Originally Puerto Rican, the inhabitants of the Heights now
encompass those from other Latin countries, like Cuba and the
Dominican Republic. Having fled those locales in search of greater
economic stability, they now find themselves again considering
escape from the neighborhood in search of wider opportunity. And
some may be forced to flee as prices increase with gentrification
of the area overlooking the Hudson. But the darker side of life
in “Heights” is overlooked – no drugs or muggings
in this production – while the joy is contagious. The cast
are excellent singers and dancers, with choreography by Andy Blackenbuehler.
37 Arts Theater, 450 W. 37th Street, New York, N.Y., phone: 212-307-4100.
“LoveMusik” is a Manhattan Theatre Club production
suggested by the letters of German composer Kurt Weill and his
Viennese wife, musical star Lotte Lenya. Their romance is an epic
one, spanning 25 years in the lives of the couple, and set in
Berlin, Paris, Broadway, and Hollywood. As Weill was Jewish, the
couple fled Nazi Germany, after Weill’s success with such
satiric works as “The Threepenny Opera,” “Seven
Deadly Sins” and “Mahagonny,” written with Bertolt
Brecht. In the United States, Weill’s musical style adapted
to Broadway, where his work included “I Married an Angel”
and “Lady in the Dark”( both of which became motion
pictures), as well as “Street Scene” and “Lost
in the Stars.” Meanwhile, Miss Lenya achieved stardom when
she appeared in Marc Blitzstein’s adaptation of “The
Threepenny Opera,” which debuted off-Broadway at the DeLys
Theater, where it settled into a long run. Fortunate members of
the audience not only heard her as Jenny, but she also on occasion
substituted for the ballad singer and delivered “Mack the
Knife.”
The book is by Alfred Uhry (“Driving Miss Daisy”)
and the score includes a full range of Kurt Weill’s songs.
Musical staging is by choreographer Patricia Birch, and Harold
Prince directs. Tony award winners Michael Cerveris and Donna
Murphy play Weill and Lenya, while David Pittu is Bertolt Brecht,
and John Scherer appears as George Davis, Miss Lenya’s second
husband after Weill’s untimely death in 1950. Biltmore Theater,
261 W. 47th Street, New York, N.Y., phone: 212-239-6200.
A Frank Loesser Tribute on DVD
“Heart & Soul: The Life and Music of Frank Loesser”

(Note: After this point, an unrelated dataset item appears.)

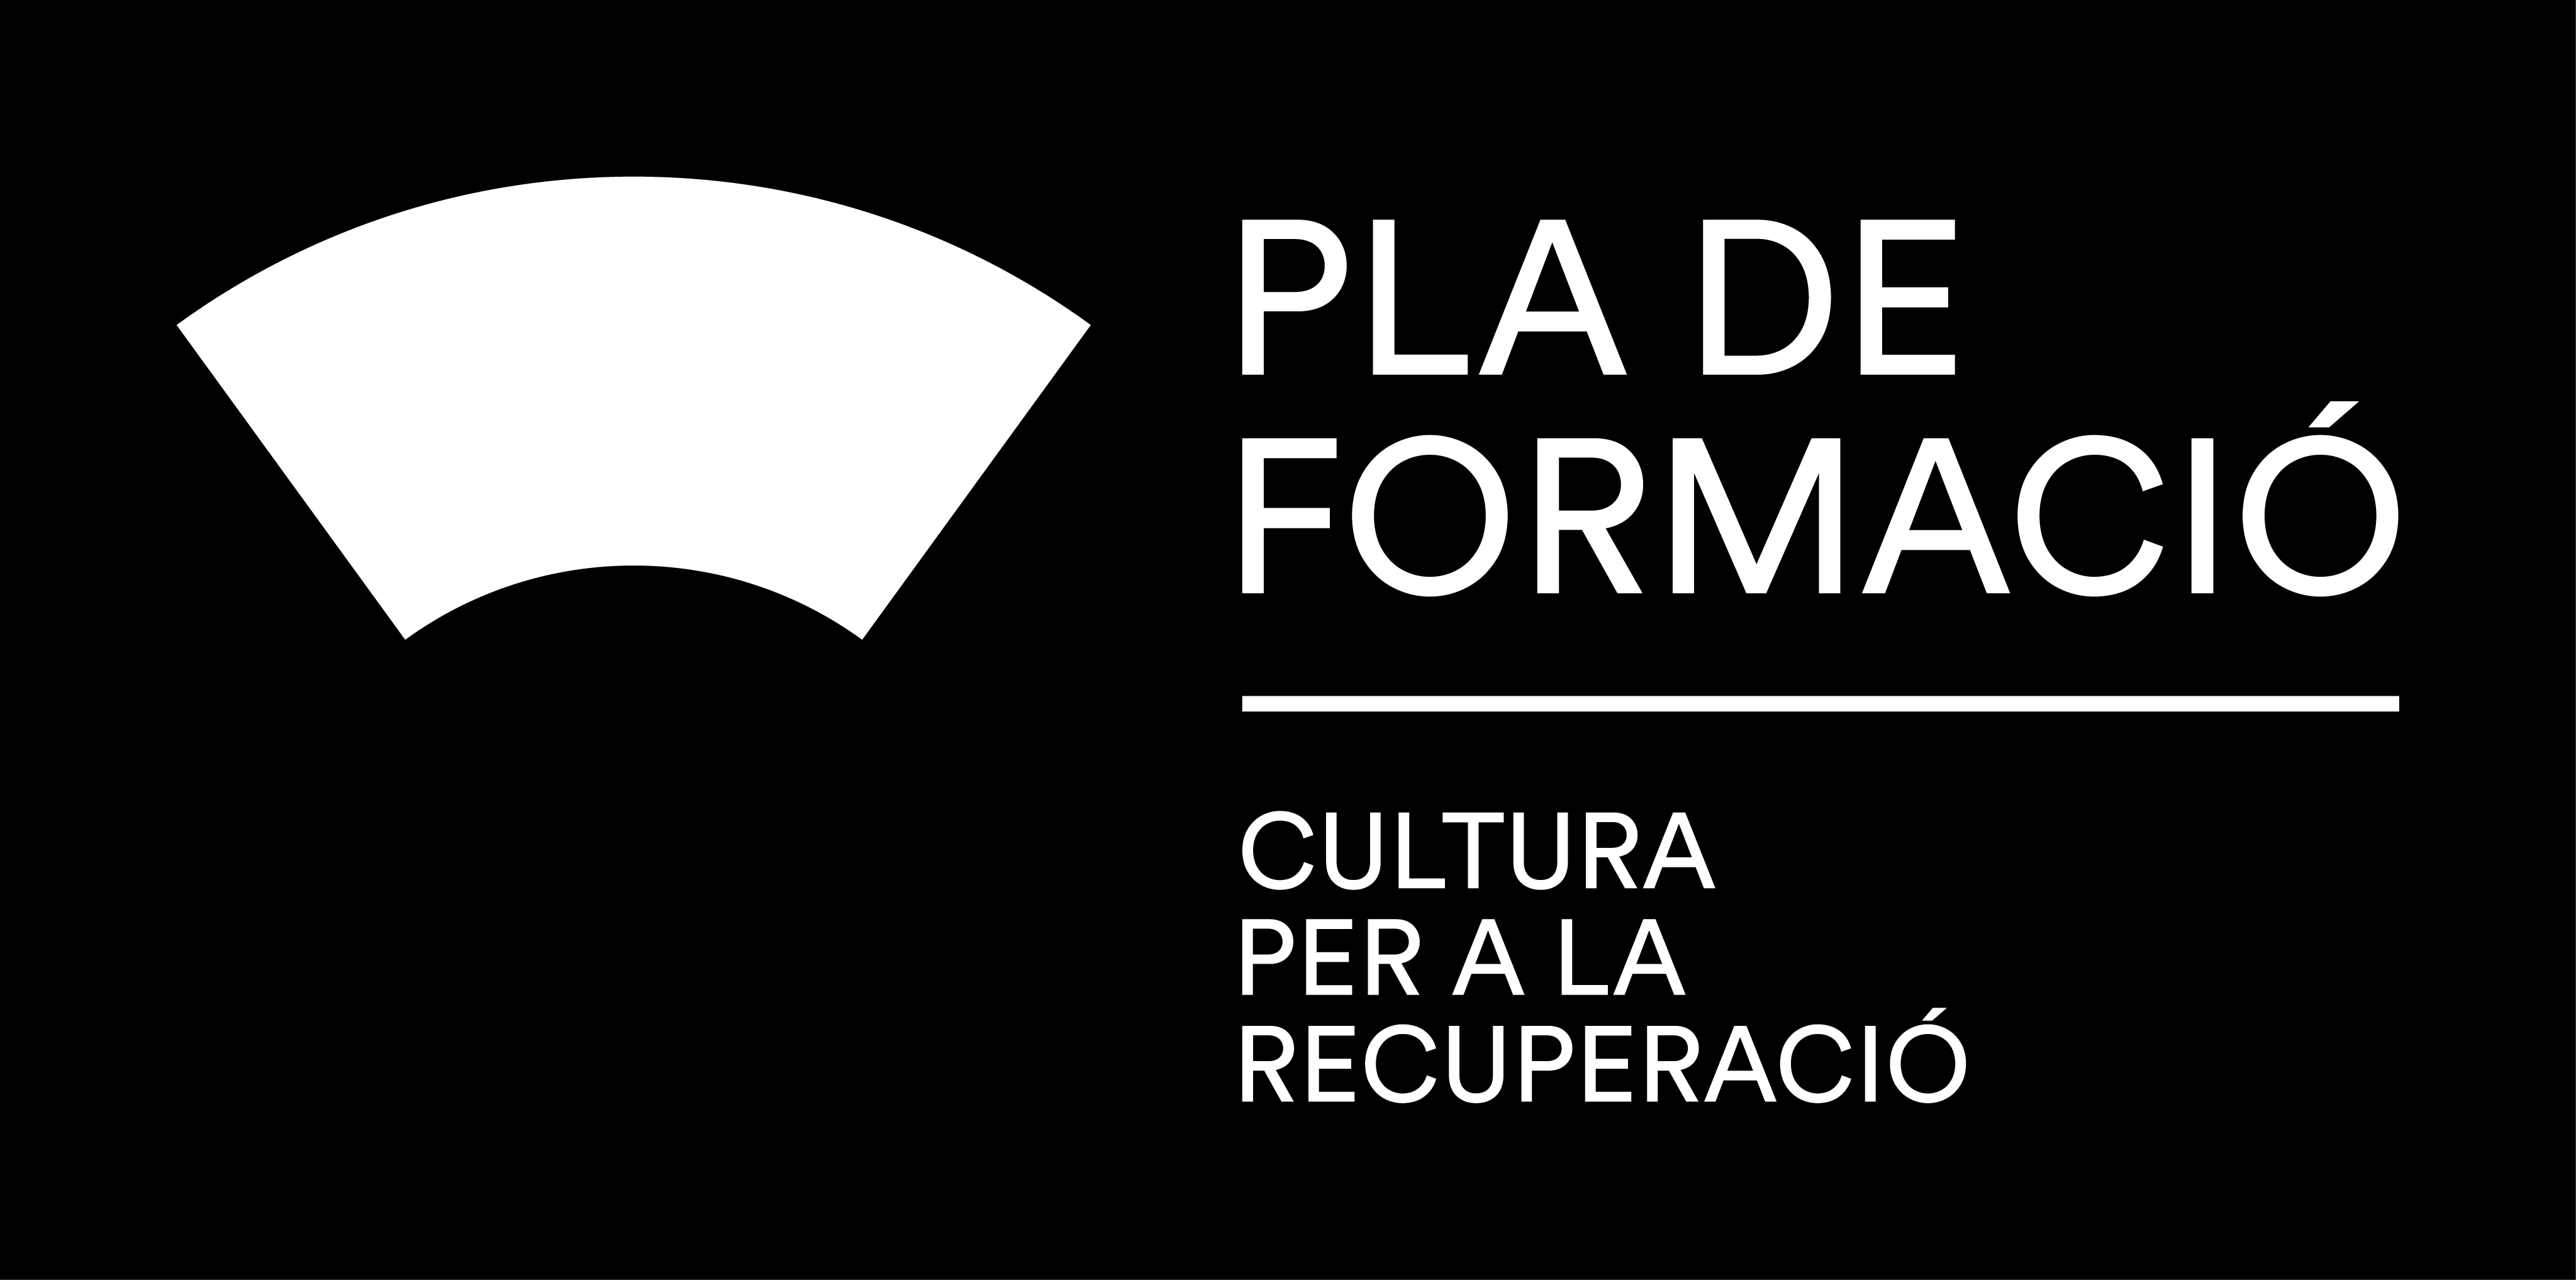 Recurs d'imatge pla-formacio-gva-cultura index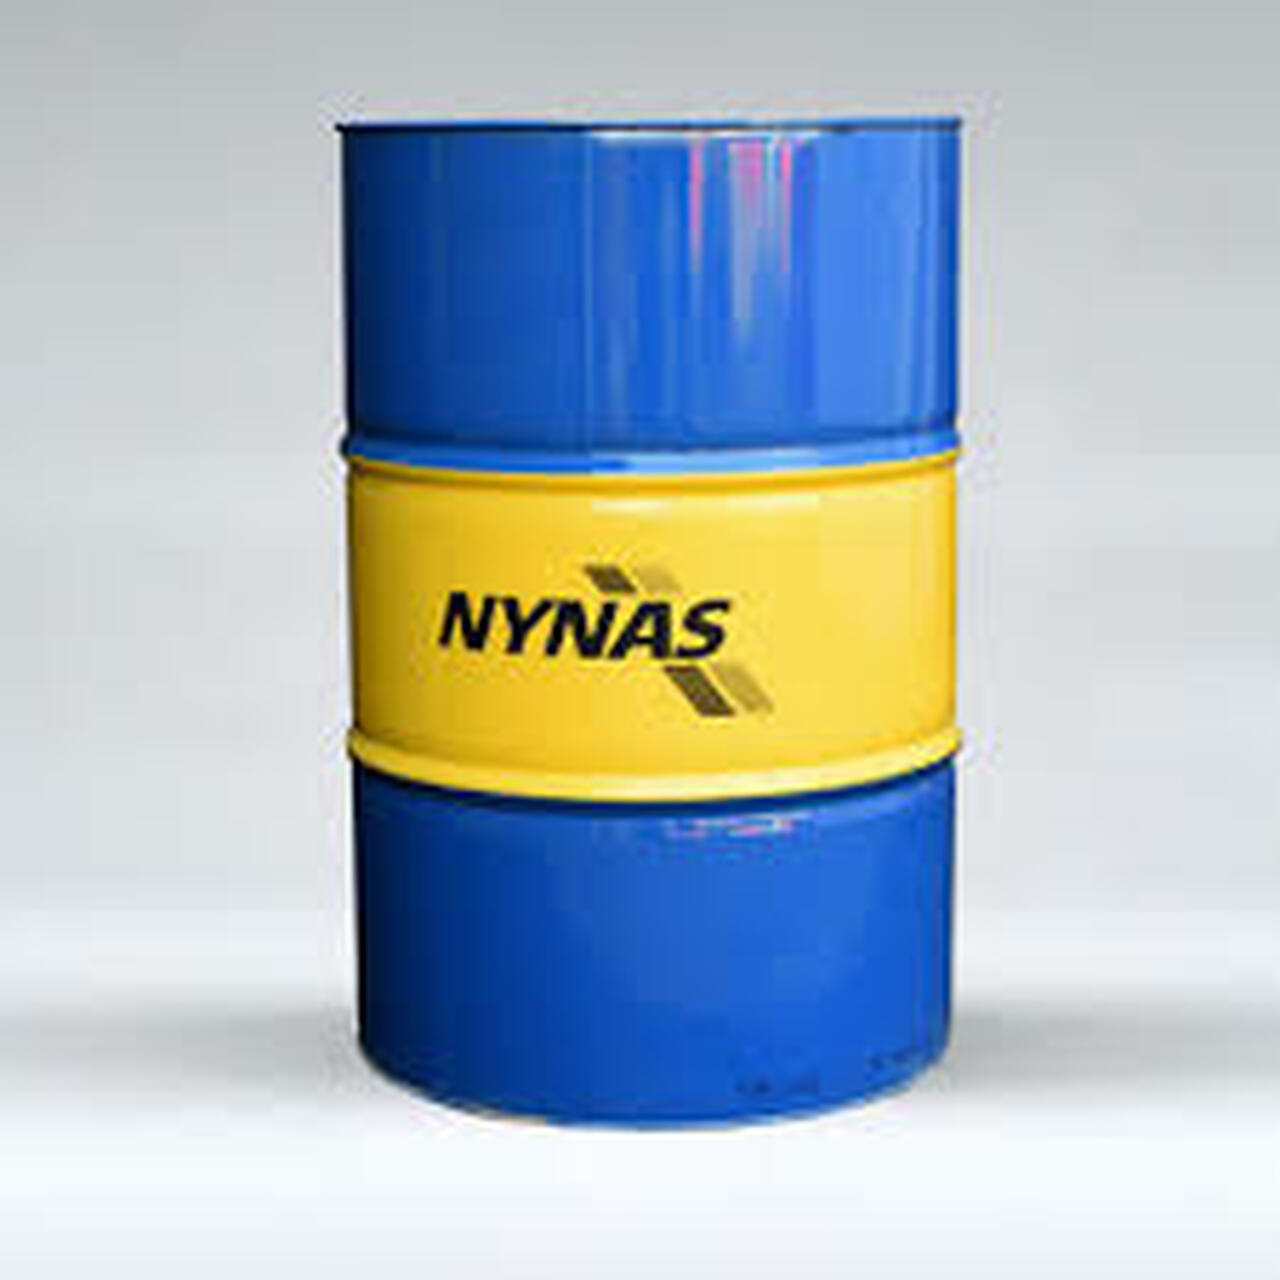 distributor-of-nynas-transformer-oil-image

has just been released on DVD after appearing on PBS stations
around the country. Loesser, the composer/lyricist of Broadway’s
“Guys and Dolls,” “Where’s Charley,”
“How to Succeed in Show Business,” and “Most
Happy Fella,” during Broadway’s golden age, also wrote
such song classics as “Baby, It’s Cold Outside,”
“On a Slow Boat to China,” and “Heart and Soul,”
featured in 60 Hollywood film scores.
Born in 1910 of musical parents who emigrated from Germany, Loesser
grew up in New York City as the unfavored second son in a family
that was dedicated to classical music, while Frank concentrated
his eye and his ambitions on tin pan alley. His adaptation of
American idiom to his music distinguishes his songs, especially
his Runyonesque lyrics for “Guys and Dolls,” with
a richly varied score that includes the comic “Adelaide’s
Lament,” the gospel “Rockin’ the Boat”
and the hymn-like “ Oldest Established Permanent Floating
Crap Game.” The DVD includes performance clips and stills
from the original Broadway productions, interviews with performers
including Robert Morse, Charles Nelson Reilly, and widow Jo Sullivan
Loesser, plus songwriters Jerry Herman and Stephen Schwartz. Loesser’s
children Susan, John, and Emily also share recollections. Feisty,
short, temperamental, always seen with a cigarette, Loesser died
of lung cancer in 1969 at age 59. DVDs available at www.loessermovie.org.
New Plays on Broadway
Continuing the British invasion of Broadway (see What’s
Hot) are three outstanding
new works transported from London’s West End, “Frost/Nixon,”
“Blackbird,” and “Coram Boy.” What makes
for the sheer theatricality of Peter Morgan’s “Frost/Nixon”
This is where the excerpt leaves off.